--- Exercise brief ---
The copy should hold exactly the lines below from the one that contains "Visual & Brand" through the one that contains "38 best dream" and nothing else, so no pictures.

--- Given entries ---
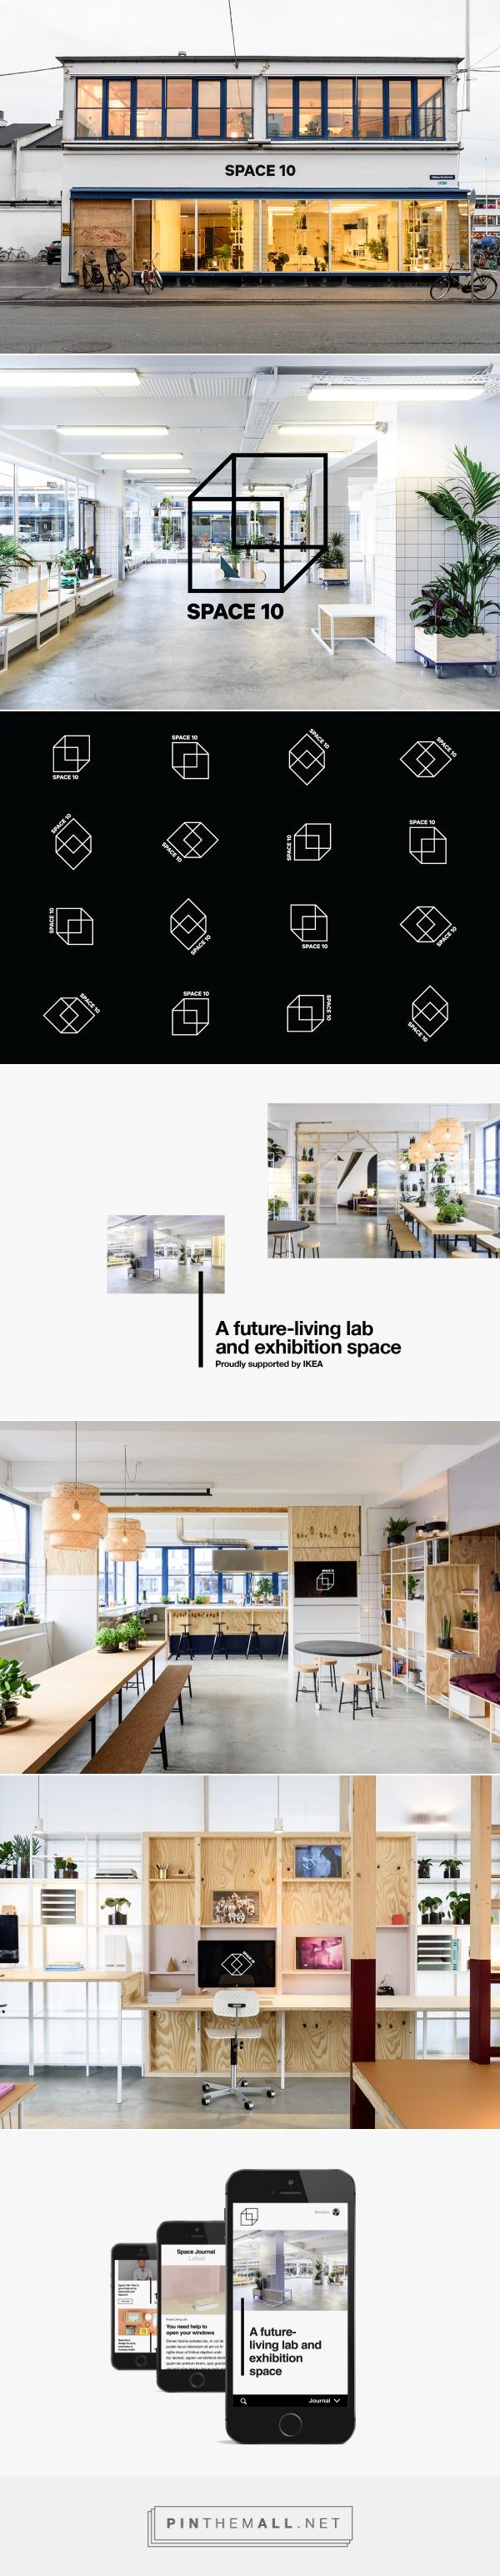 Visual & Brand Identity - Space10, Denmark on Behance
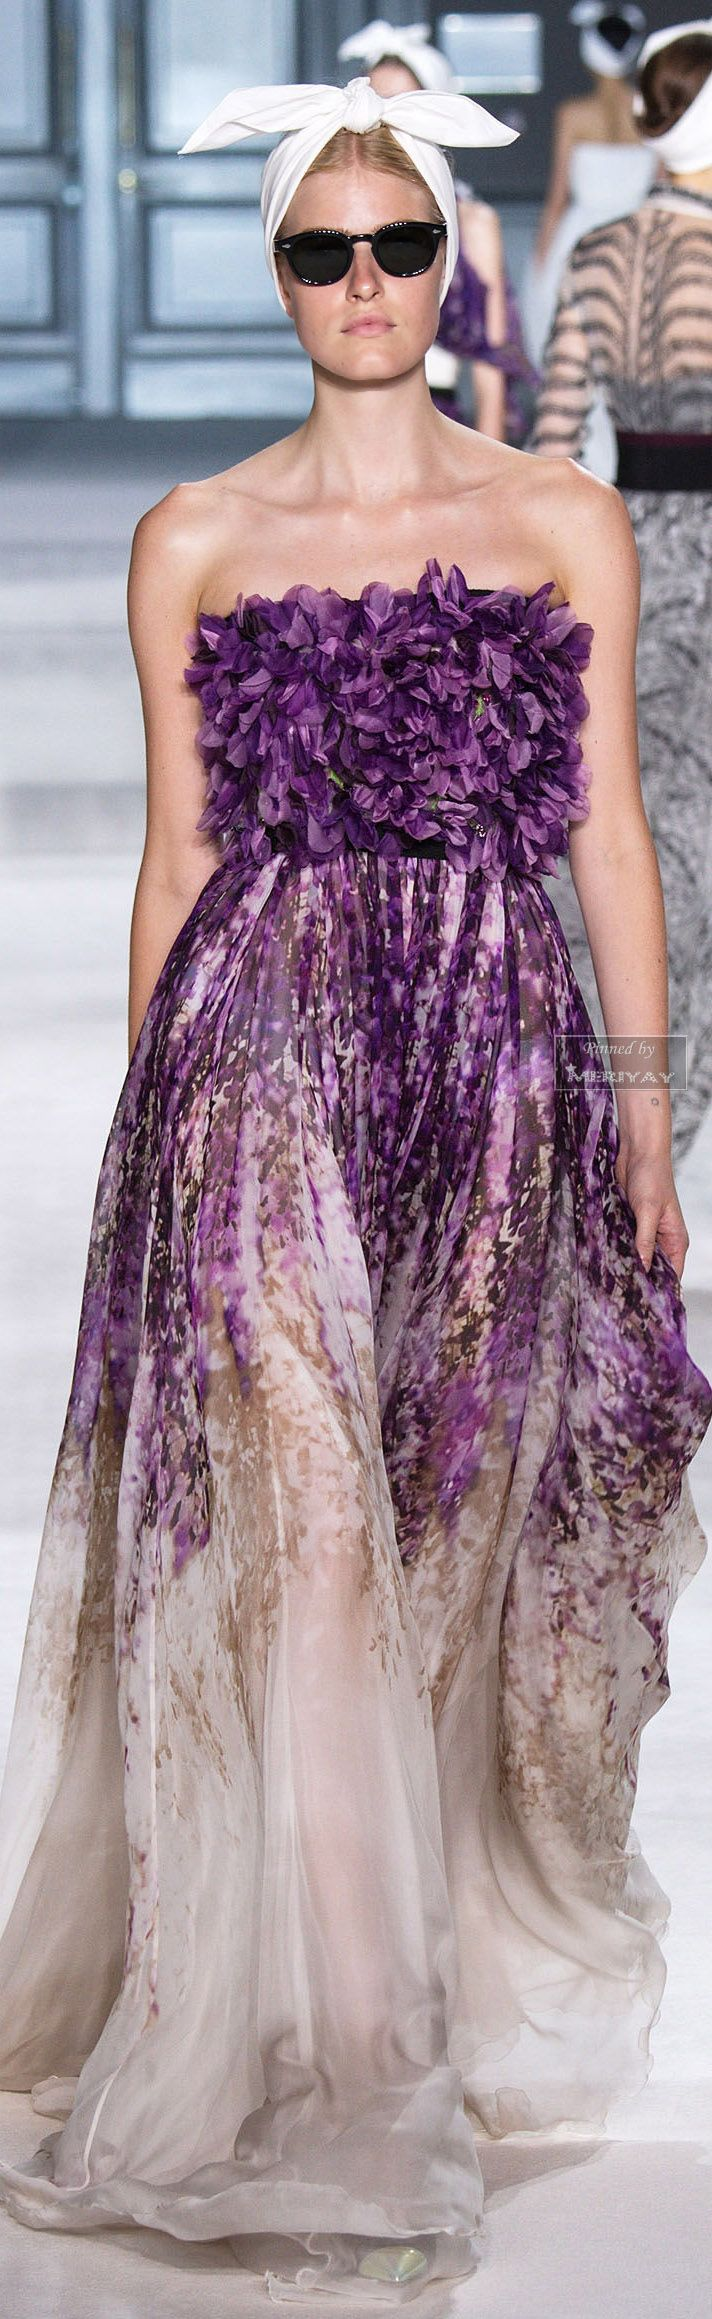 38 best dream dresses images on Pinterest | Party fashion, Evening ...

* * *

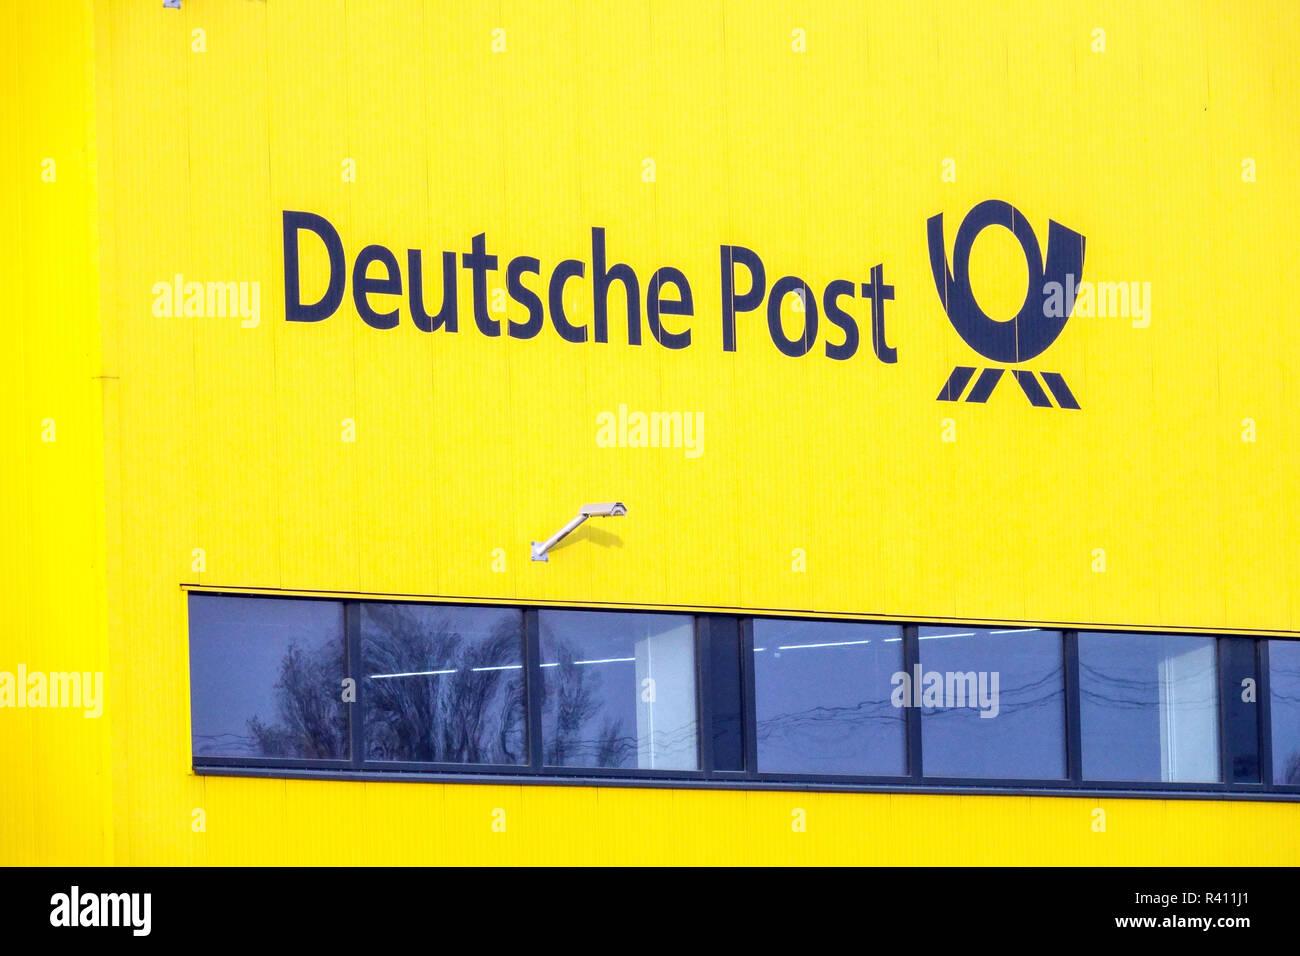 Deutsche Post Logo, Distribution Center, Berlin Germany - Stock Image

--- Result ---
 Visual & Brand Identity - Space10, Denmark on Behance
 38 best dream dresses images on Pinterest | Party fashion, Evening ...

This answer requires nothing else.